Security reward. Static-analysis-based guardrail against unsafe shortcuts. Define a normalized severity score V from Bandit findings (HIGH = 1.0, MEDIUM = 0.5, LOW excluded since APPS+ requires stdin input() usage). Then:

$R_{\text{sec}} = \exp(-V)$

Clean code yields R_sec = 1.0. Higher-severity findings reduce the reward smoothly.

The numbers

DeepSeek-Coder-1.3B-Instruct, LoRA (r=16, α=32, 6.3M trainable parameters, 0.47% of total). SFT for 3 epochs to initialize PPO. 500 PPO episodes per variant, batch size 2, learning rate 1e-6, KL penalty λ=0.1 against the SFT reference. Single NVIDIA V100 16GB. Evaluation on 100 held-out APPS+ prompts.

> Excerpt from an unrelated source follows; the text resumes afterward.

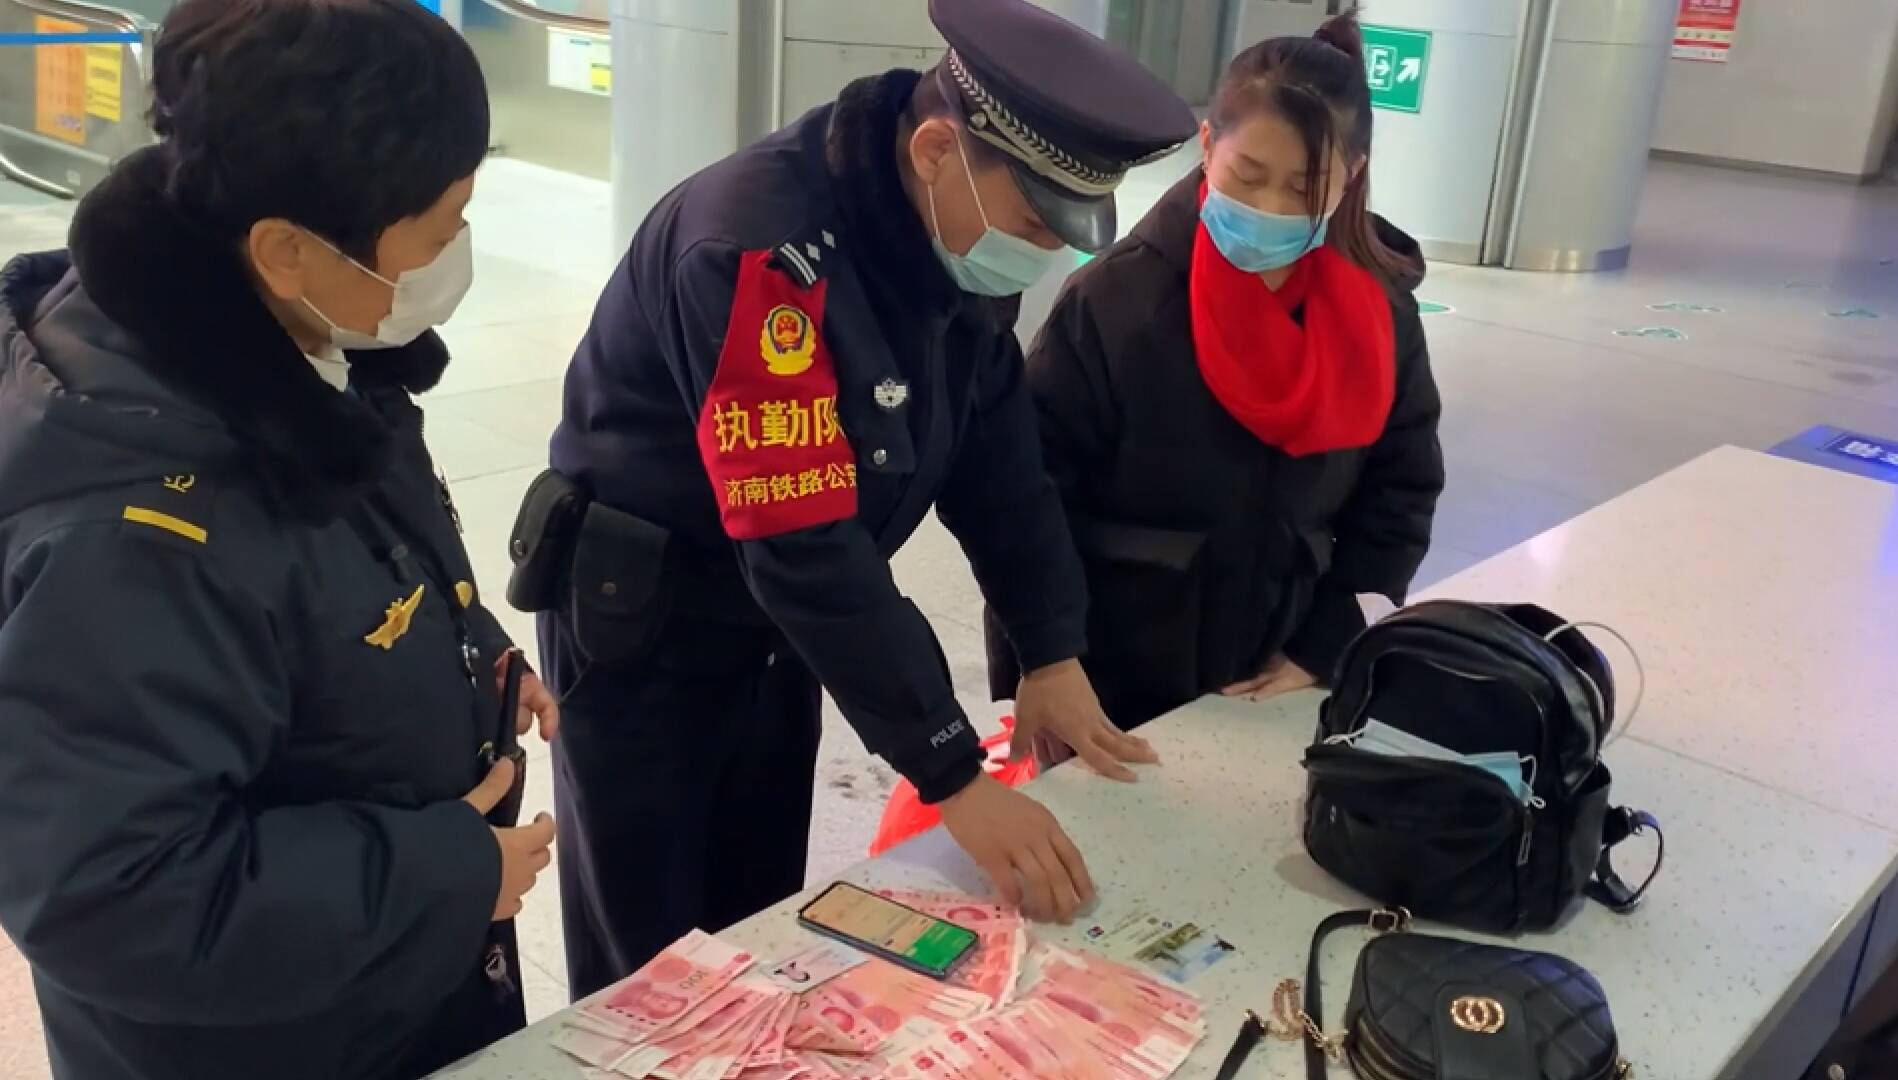 37秒丨女子在济南火车站丢失万元物品 工作人员暖心帮找回

Three PPO variants are compared:

PPO-simple — binary reward, initialized from SFT
PPO-fresh — partial credit, initialized from SFT
PPO-continue — partial credit, initialized from the PPO-simple checkpoint

Results on 100 APPS+ prompts (~85 held-out):

Model	Syntax %	≥1-pass %	All-pass %	R̄
SFT baseline	44.0	3.0	1.0	0.40
PPO-simple (binary)	18.0	0.0	0.0	0.38
PPO-fresh (partial, from SFT)	27.0	2.0	0.0	0.40
PPO-continue (partial, from PPO-simple)	63.0	9.0	2.0	0.42

Bootstrap CIs: ±10% on syntax, ±6% on ≥1-pass.

The result that mattered

PPO-simple (binary reward) does not just fail to improve, it degrades the policy: syntax validity drops from 44% to 18%. Sparse feedback on near-miss programs destabilizes a 1.3B policy that cannot bridge near-misses to correct solutions.

PPO-fresh (partial credit, from SFT) does not surpass PPO-simple within overlapping CIs (27% vs 18%). Partial-credit reward alone does not overcome the instability without an RL warmup phase. This was the surprising result.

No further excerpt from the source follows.